Oud-burgemeester Rein van der Heijden, fotograaf en
cineast Peter Reijnders en de befaamde romantiserend
illustrator Anton Pieck, hadden zeker wel een spijkerhard
vertrouwen dat het Sprookjesbos met speeltuin een
toeristenstroom naar Kaatsheuvel in gang zou zetten, maar
schatten daarbij in dat na een periode van zeven of achter
jaren, het nieuwe wel er vanaf moest zijn. Er zouden dan
andere wegen gezocht moeten worden, om de toerist voor
Kaatsheuvel te winnen. Hun niet breed uitgedragen zorgen
bleken ongegrond. Het succes overrompelde niet alleen hen,
maar iedere pionier die in de onzekerheid van toen, er een
nieuwe werkgelegenheid vond.
De tanende schoen- en lederindustrie, die de kurk was
waarop de lokale economie dreef, bood weinig perspectief,
en ook bij menig kleine zandboer was het absoluut geen
vetpot. De verkoop van hun bedrijfjes of delen van de
landbouwgrond aan de stichting “Natuurpark de Efteling”

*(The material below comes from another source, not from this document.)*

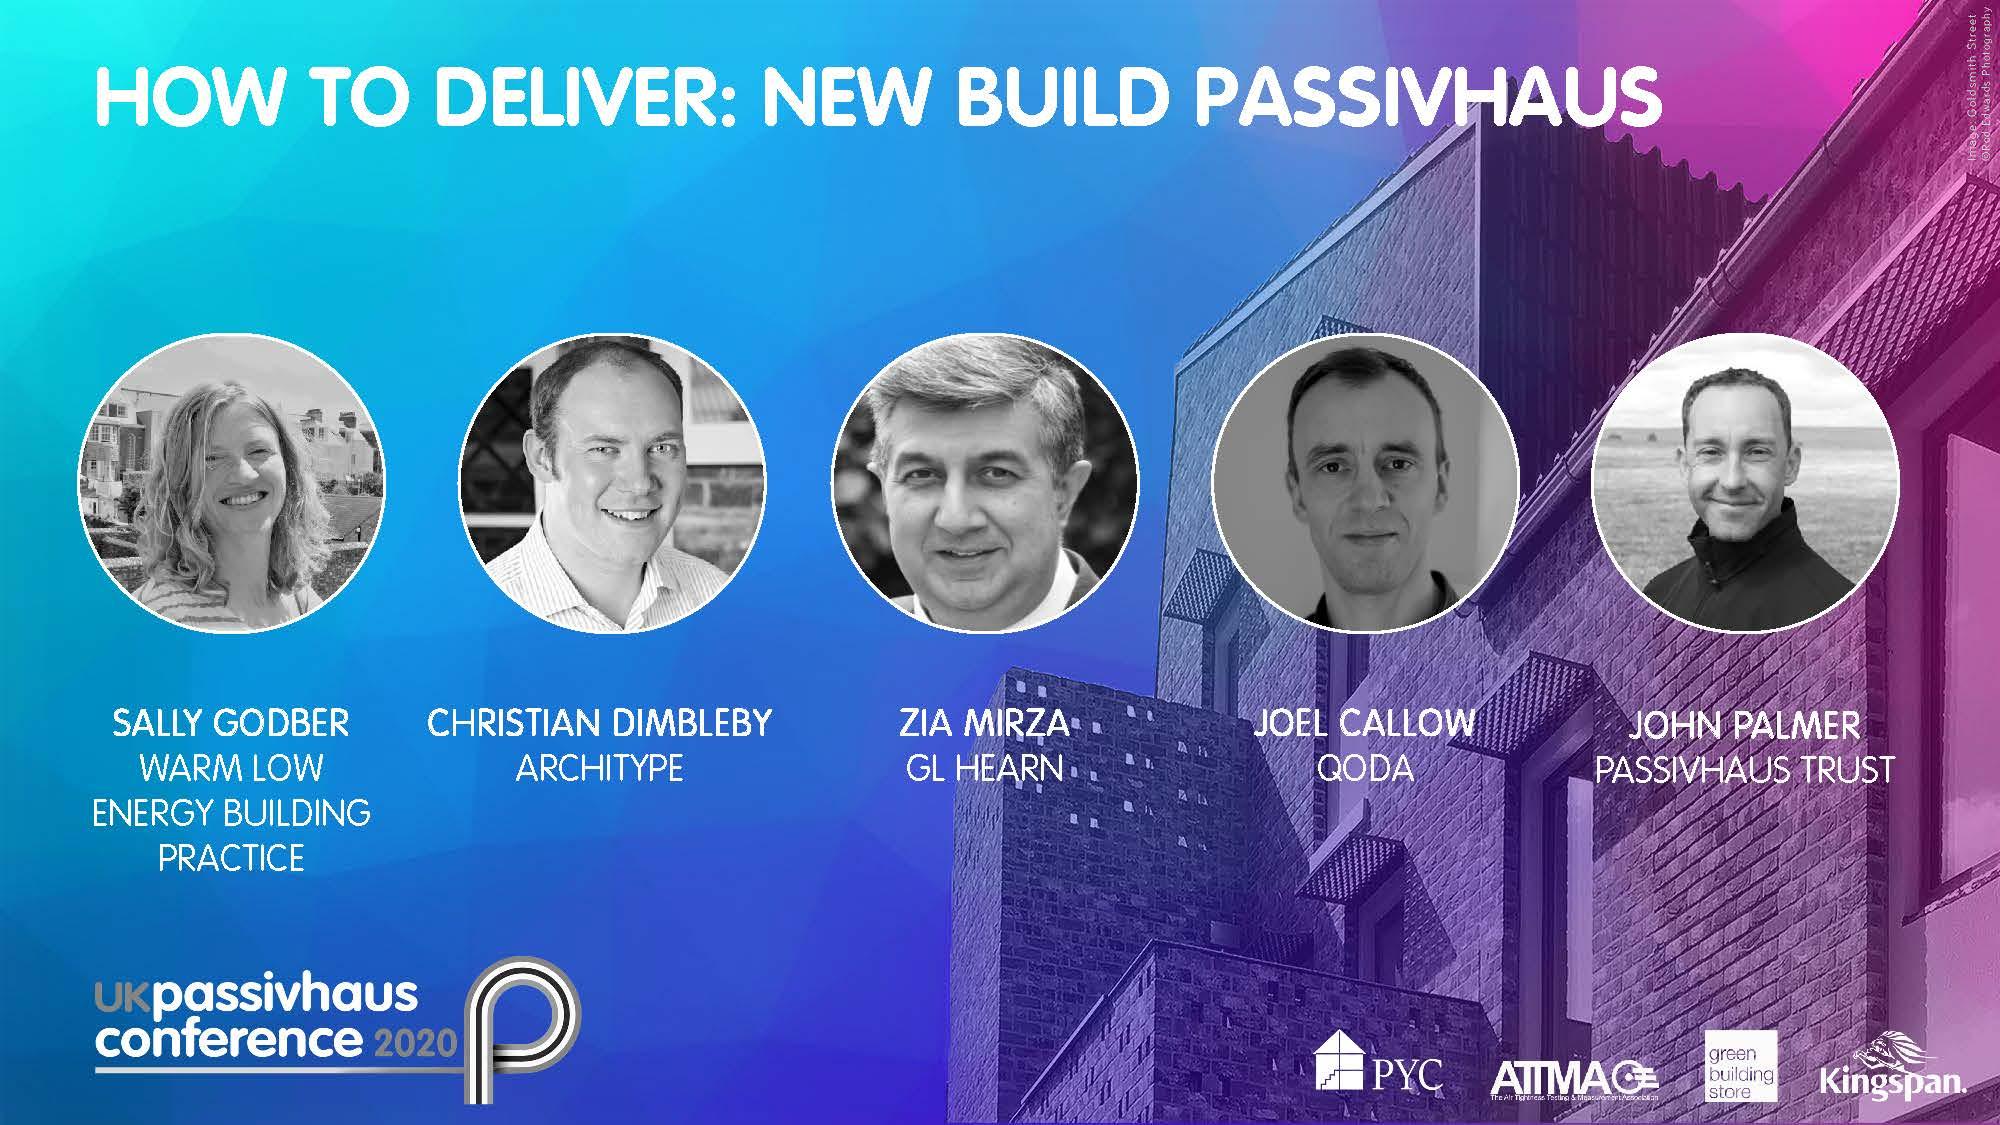 2020 UK Passivhaus Conference: How to deliver newbuild Passivhaus

was voor velen een uitkomst, temeer daar vaak aan
gekoppeld was, de tewerkstelling van één of meer
kostwinnaars in het Efteling-avontuur. En zo togen ze toen
met hun eigen paardjes, karren en spaden, dagelijks naar
hun nieuwe maar toch zo vertrouwde werkplek, om samen met
schoenmakers en leerlooiers onder regie van een
landschapsarchitect de contouren van een sprookjesland uit
te spitten. Voorzieningen zoals gereedschap voor het
personeel waren er niet of nauwelijks in die tijd. Er werd
een flinke wissel getrokken op de zelfredzaamheid van de
pioniers, die met eigen middelen en tegen een bescheiden
vergoeding in dat gemis moesten voorzien.
Het bouwen van sprookjes was een geheel nieuwe tak van
sport, die nog geleerd moest worden. Niet alleen door de
ingehuurde metselaars en timmerlieden, die zich afvroegen
waarom ze überhaupt een vak hadden geleerd, maar evenzeer
voor de gelegenheidsbouwmeesters, Anton Pieck en Peter
Reijnders.
Zo werden in een forse zandhoop lange ronde boomstammen
gespiest, gewonnen uit het eigen Mastbos (red: onduidelijk
woord), en werden de ruwe contouren van een klein
kasteeltje zichtbaar, die later met steengaas bemanteld
werden. De metselaars worstelden vertwijfeld een laag
specie ertegenaan, legden er echte oude leipannetjes op,
en ziedaar: Doornroosje mocht boven slapen. Het resultaat
was allercharmantst.
Anton Pieck’s nadrukkelijke voorwaarde om zijn medewerking
te verlenen aan het avontuur was hiermee ingevuld. Hij
wilde ver blijven van klungelbouw met bordkarton en
papier-maché, en het liefst met eerlijke oude materialen
werken, en dat bleek ruimschoots ingevuld, ook al was er
nauwelijks een metselsteen aan te pas gekomen.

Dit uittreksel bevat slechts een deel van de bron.